*Task requirements*: From the line with "wings hair style" to the line with "Weekly Tulip Bouquet", retype every line exactly, including those two, and leave out the rest of the data below.

____ Supplied records

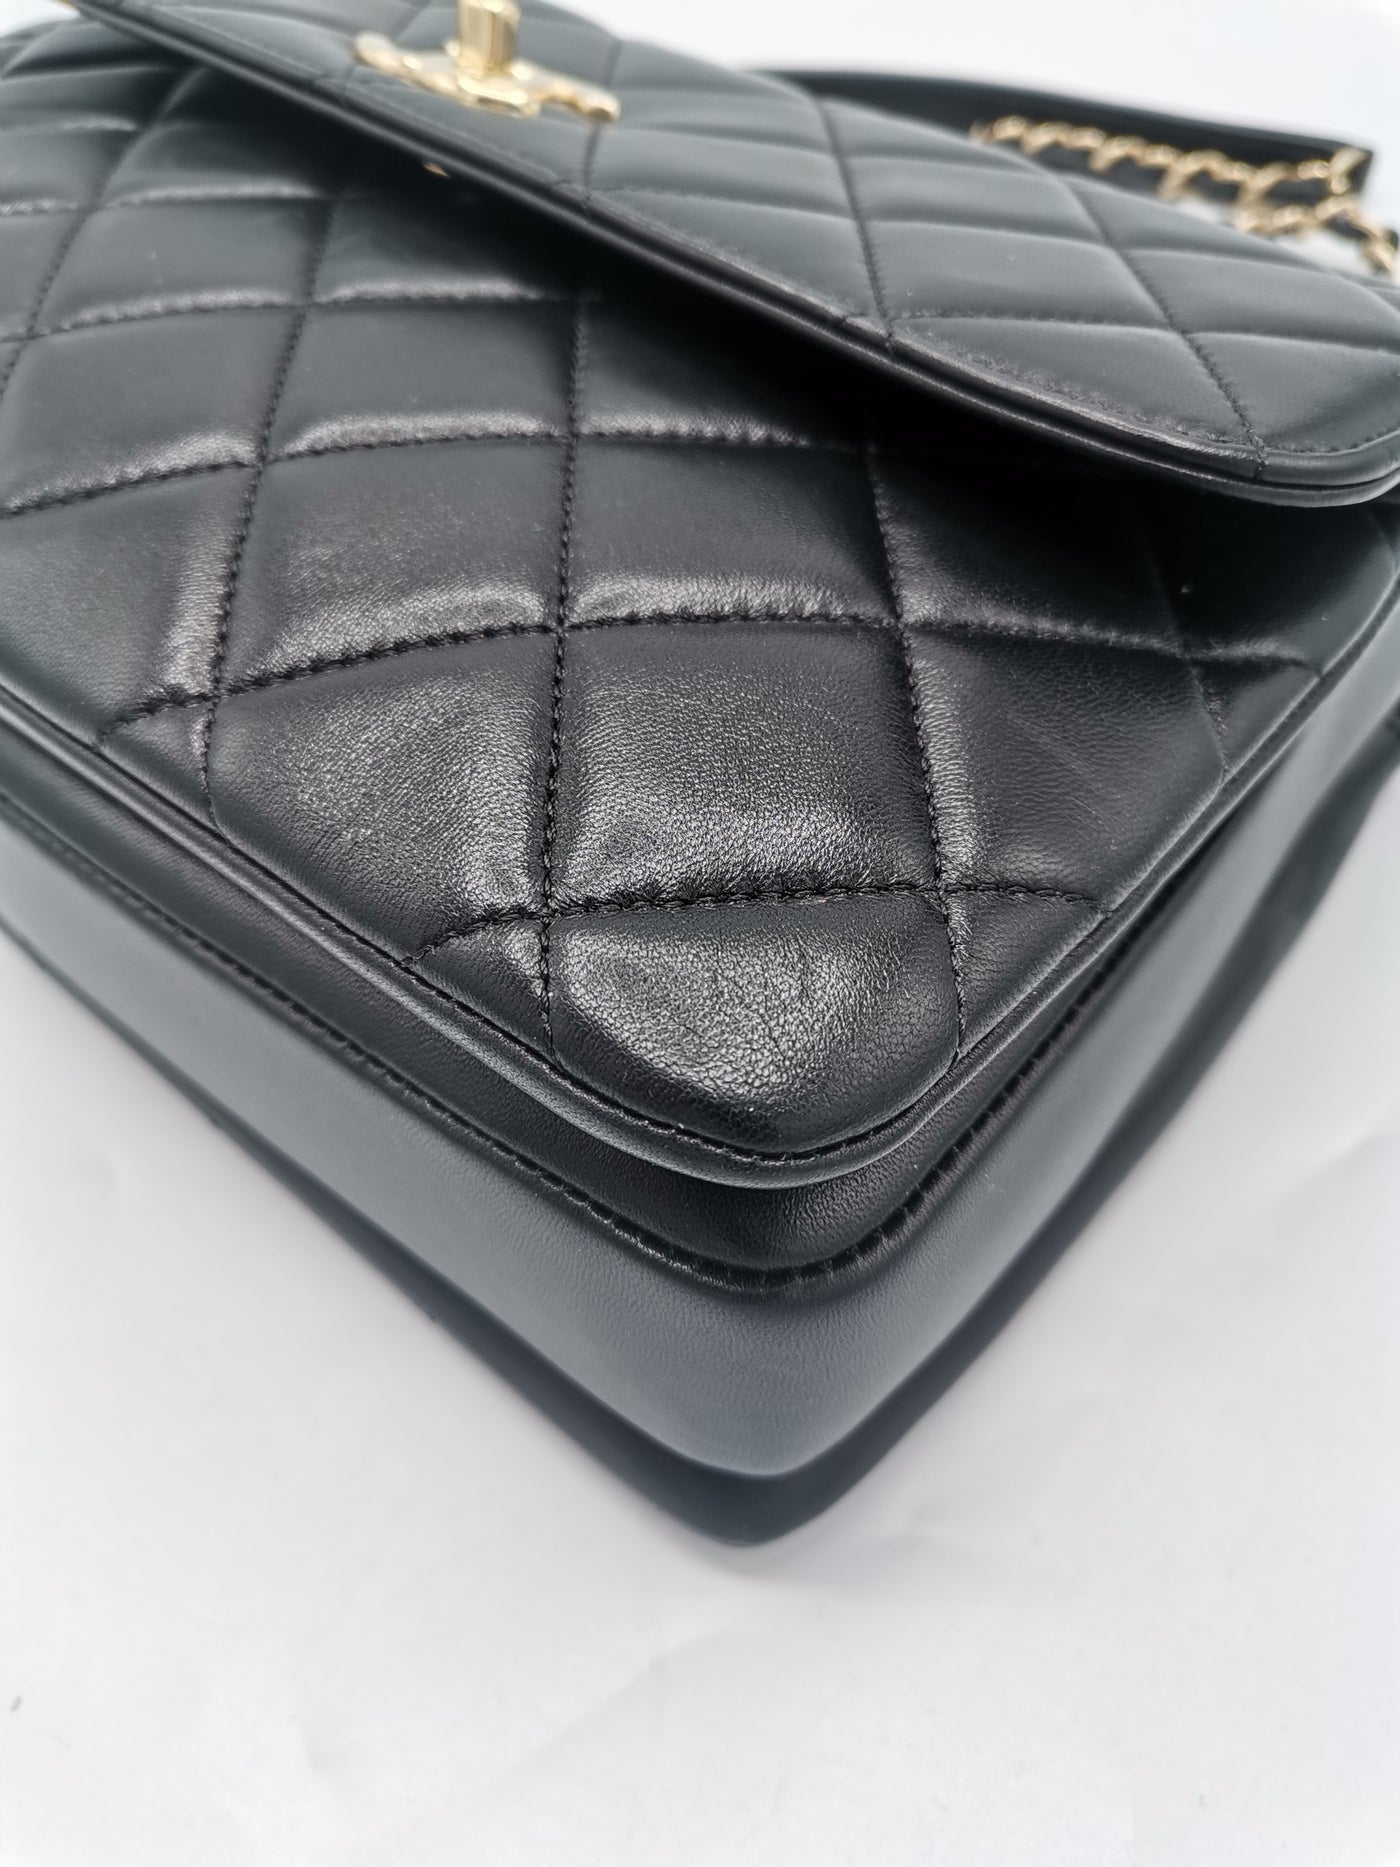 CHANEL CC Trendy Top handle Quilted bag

________
____ Supplied records

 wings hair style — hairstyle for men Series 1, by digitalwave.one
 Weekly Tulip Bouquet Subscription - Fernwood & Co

________
____ Supplied records

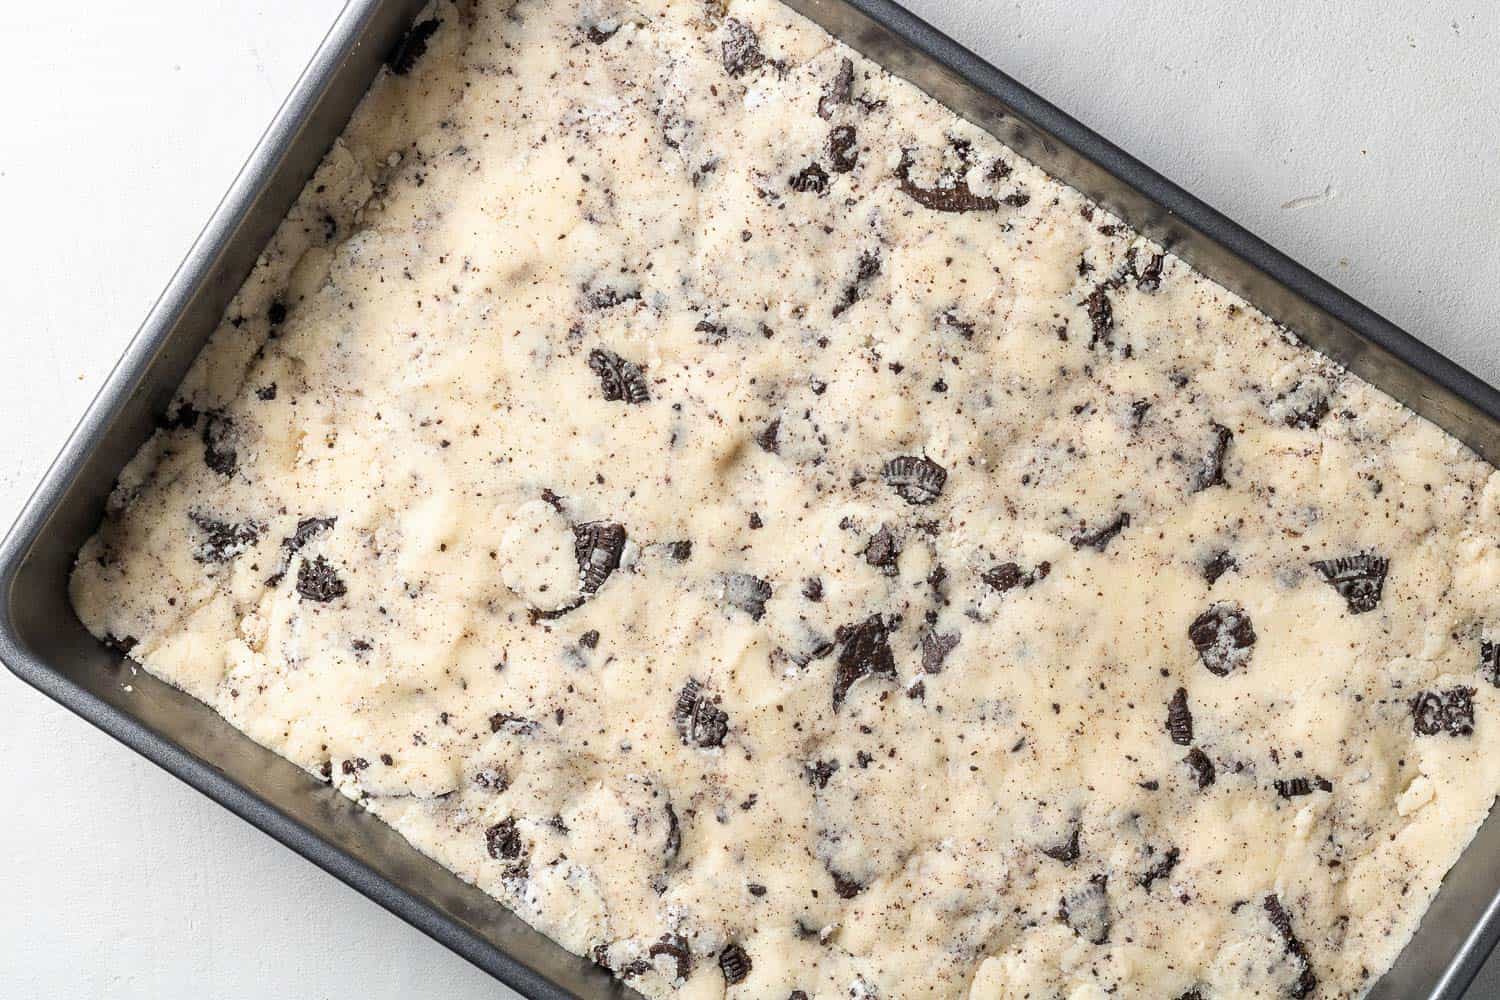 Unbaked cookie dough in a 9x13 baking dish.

________

*Response below*:
 wings hair style — hairstyle for men Series 1, by digitalwave.one
 Weekly Tulip Bouquet Subscription - Fernwood & Co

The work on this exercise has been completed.